TASK ITEM
Below are records with pictures; copy word for word only the lines between the line with "Διπλώματος Ειδίκευσης Οικολογική" and the line with "Shark School Kids", inclusive, and drop the pictures.

INPUT DATA
⁂
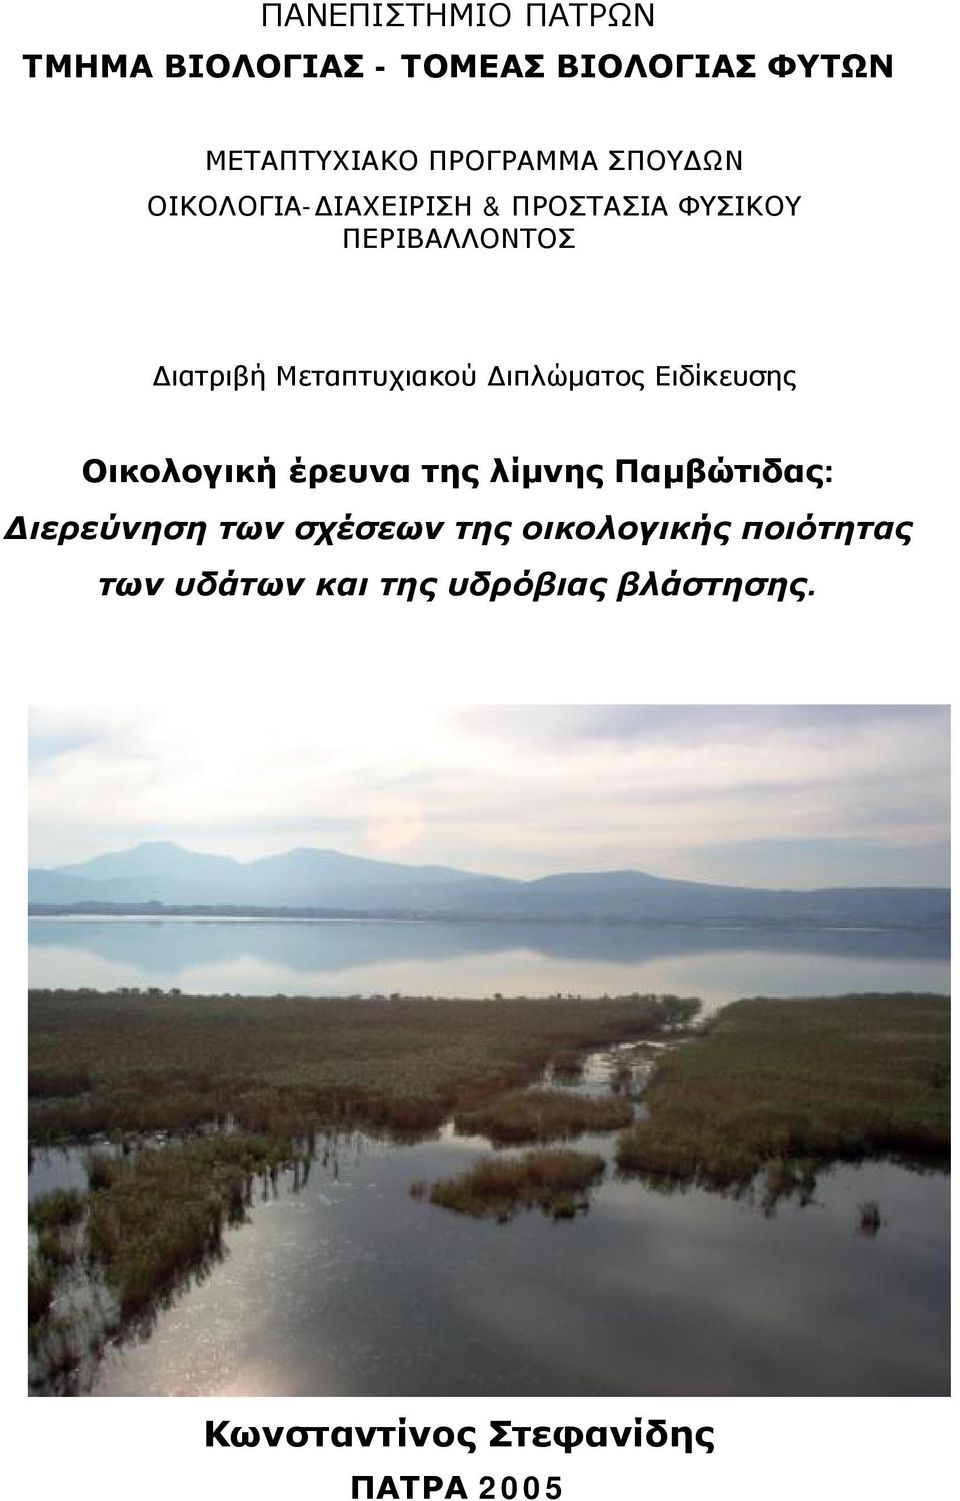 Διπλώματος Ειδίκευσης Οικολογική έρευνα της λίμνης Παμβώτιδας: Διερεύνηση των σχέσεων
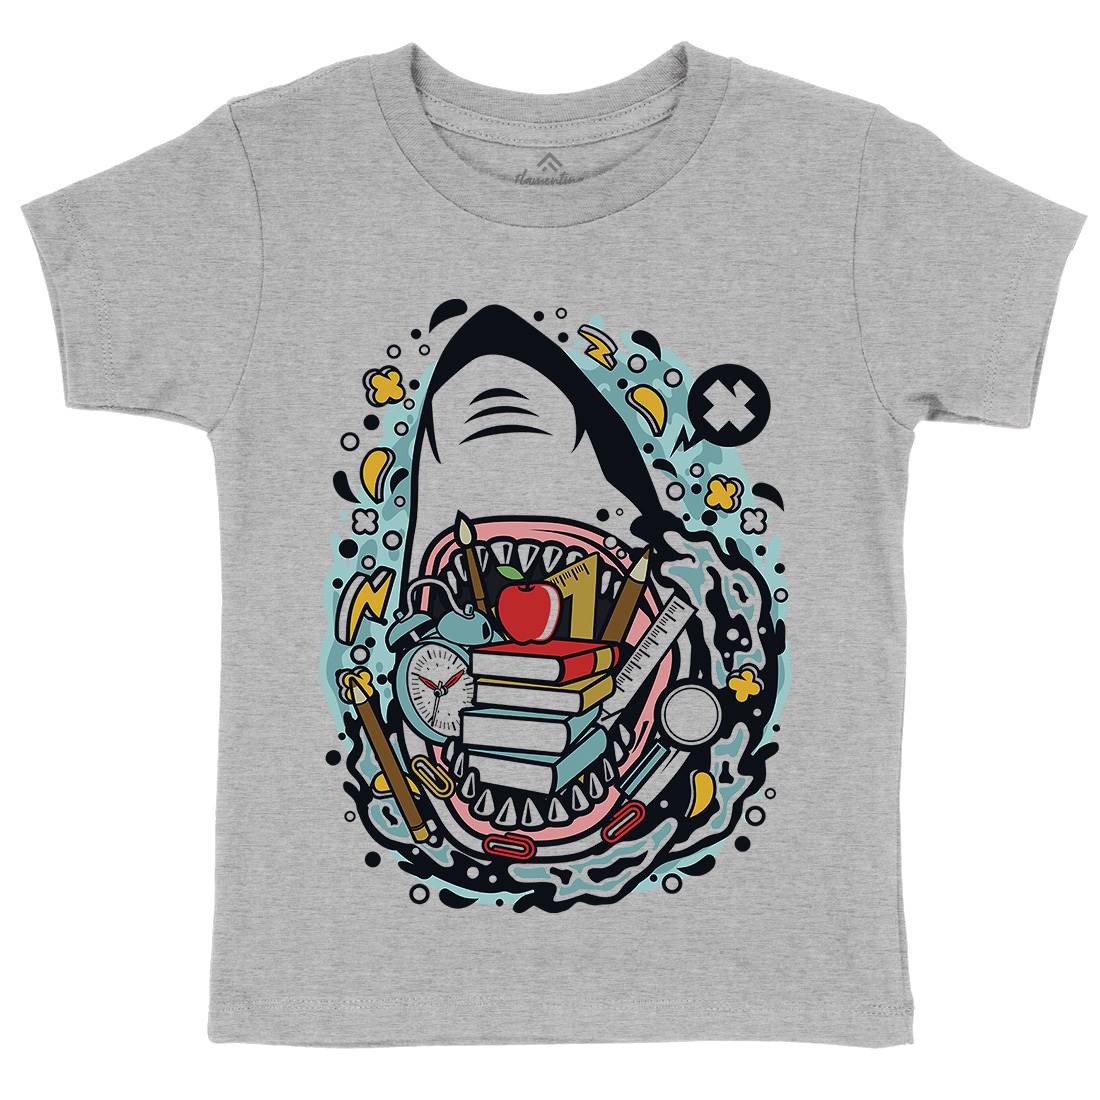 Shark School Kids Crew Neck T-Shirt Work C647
⁂
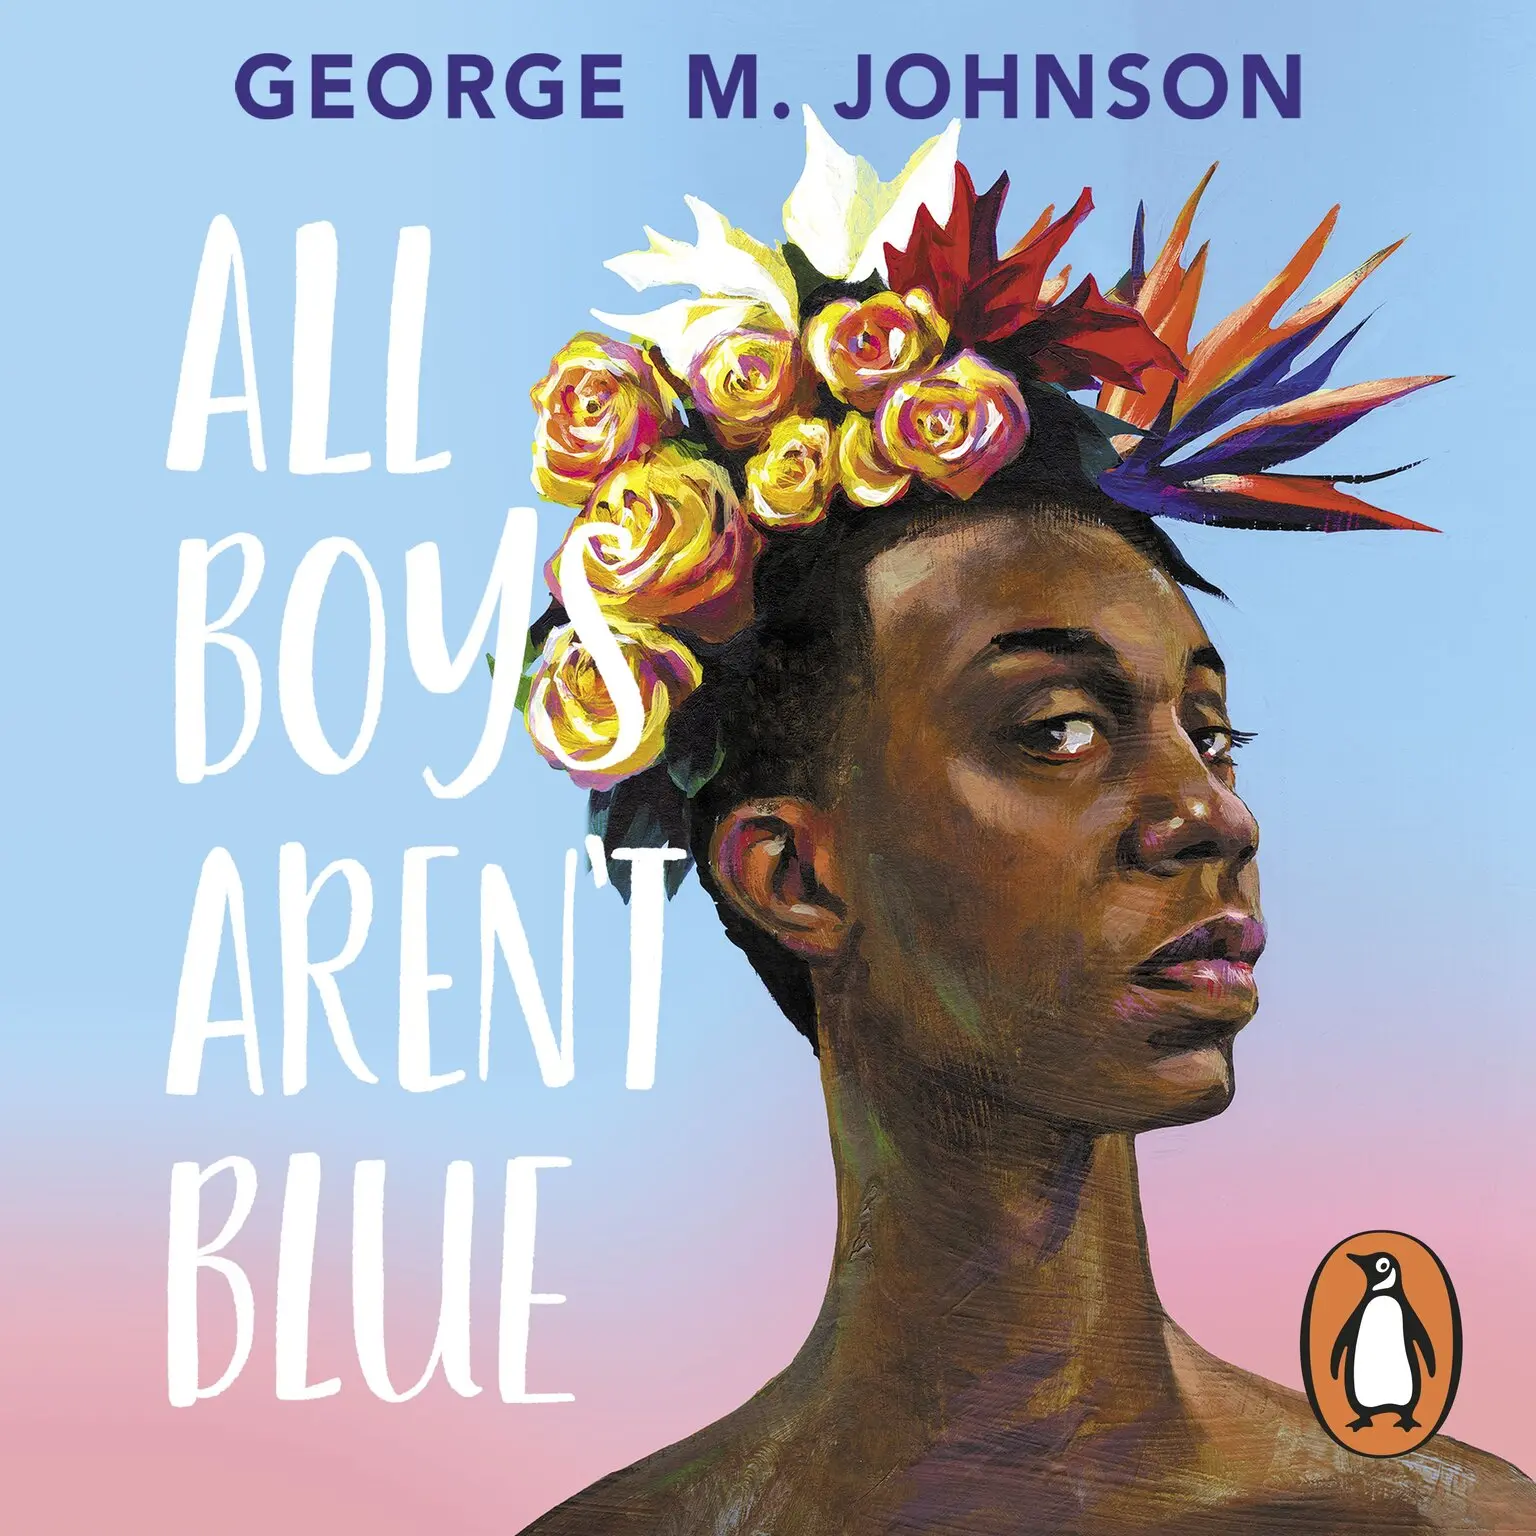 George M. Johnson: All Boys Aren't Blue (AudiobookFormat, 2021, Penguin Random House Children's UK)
⁂
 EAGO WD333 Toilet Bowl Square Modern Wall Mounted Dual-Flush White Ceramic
⁂
SOLUTION BELOW
 Διπλώματος Ειδίκευσης Οικολογική έρευνα της λίμνης Παμβώτιδας: Διερεύνηση των σχέσεων
 Shark School Kids Crew Neck T-Shirt Work C647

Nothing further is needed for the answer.